One more on W's one bright spot of military achievement, Afghanistan.  Or maybe not, according to someone who's covered the country for 20 yrs:

"...If there is one factor most responsible for the Taliban resurgence it is the war in Iraq, which distracted the attention of London and Washington at a critical time. While US marines were toppling statues of Saddam Hussein and then finding themselves fighting a bloody insurgency, the Taliban regrouped and retrained in Pakistan.

From just a few hundred guerrillas last year, Mullad Dadullah, the Taliban commander, now claims that he has 12,000 men under arms in the southern provinces of Kandahar, Helmand and Uruzgan. ..."

Via Harry Shearer.

Sven's picture

Cripes, Les, talk about not

Cripes, Les, talk about not seeing the forest fire for the trees (what's more, most of them trees look like the pathetic X-mas tree on A Charlie Brown Christmas). 

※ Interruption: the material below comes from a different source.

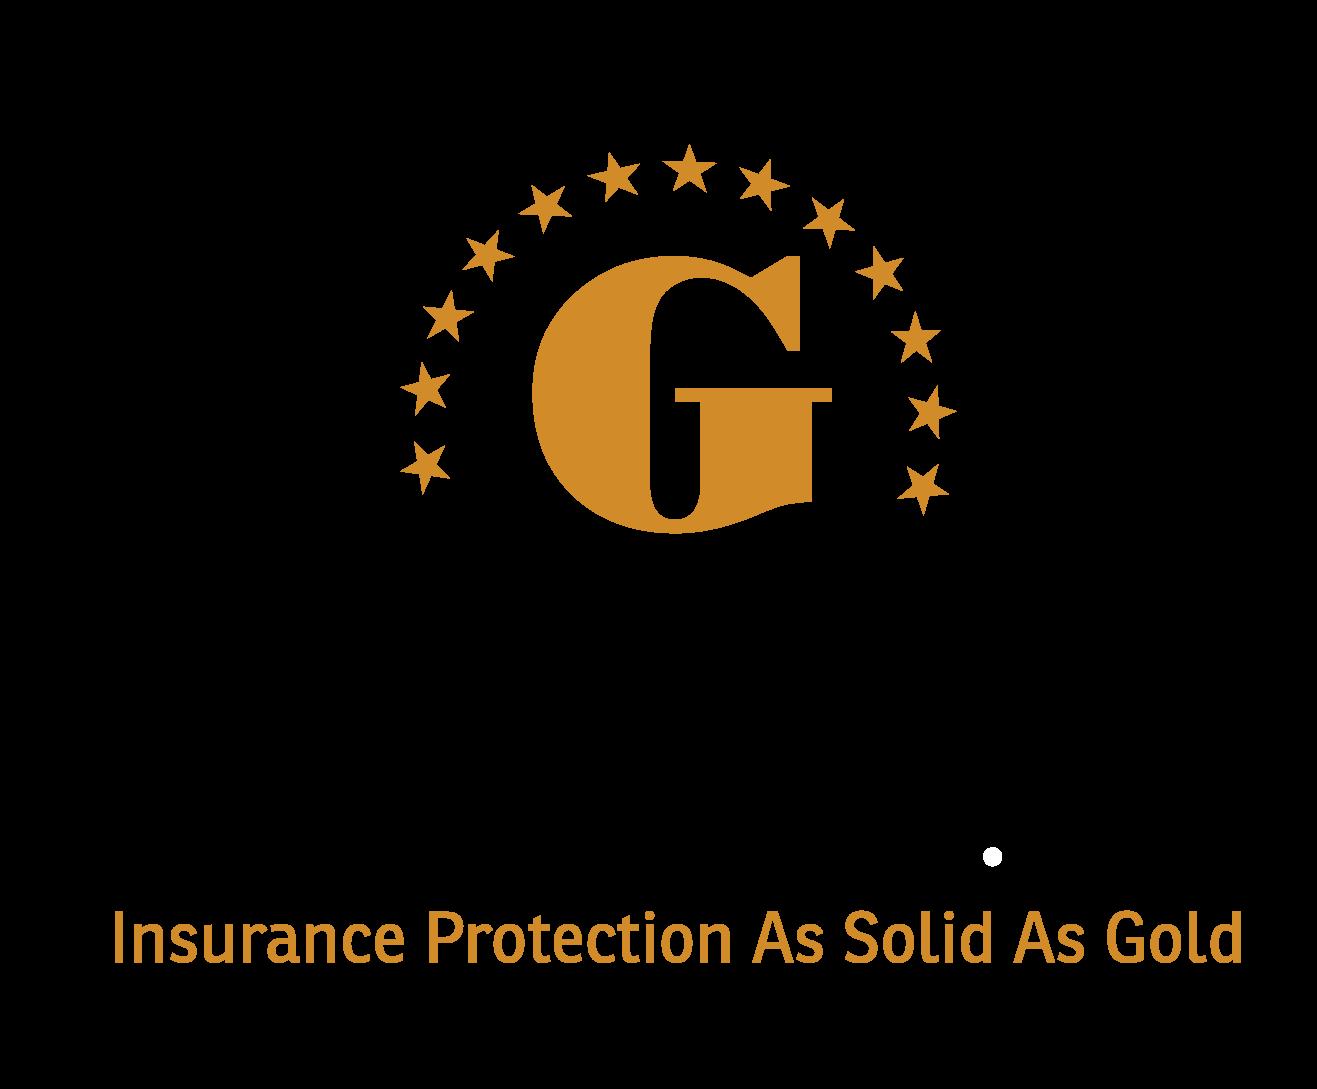 Goldstar-Company-logo

We need a president who has more than two modes: John Wayne or Judy Garland.

Good foreign policy should be metronomic in pace—measured, steady, dependable. That's especially true when you're the world's only superpower, and you want to keep things that way.  The key is to inspire respect, trust and faith in your judgement. That’s called leadership. But for six years now, George W. Bush's foreign policy has resembled a pendulum swinging out of control, lurching wildly from hubris to "help us."

Despite the "stay the course" rhetoric, there's been little that is steady or dependable about it, and not surprisingly it has inspired little respect or trust around the world. In Bush's first term, the pendulum swung too far toward in-your-face unilateralism. Now, in his second term it has swung dramatically back toward the most squeamish sort of multilateralism—the kind of thinking that says, "Without partners, I don't dare make a move."

 

Les Jones's picture

Dammit!

Who told Andy the incantation? Now we're going to have to go to training and memorize all new incantations.  


Hey, Les, why don't we just call each other assholes and get it over with. - Somebody on the old Southknoxbubba.net (if that was you, claim your quote and win net.fame!)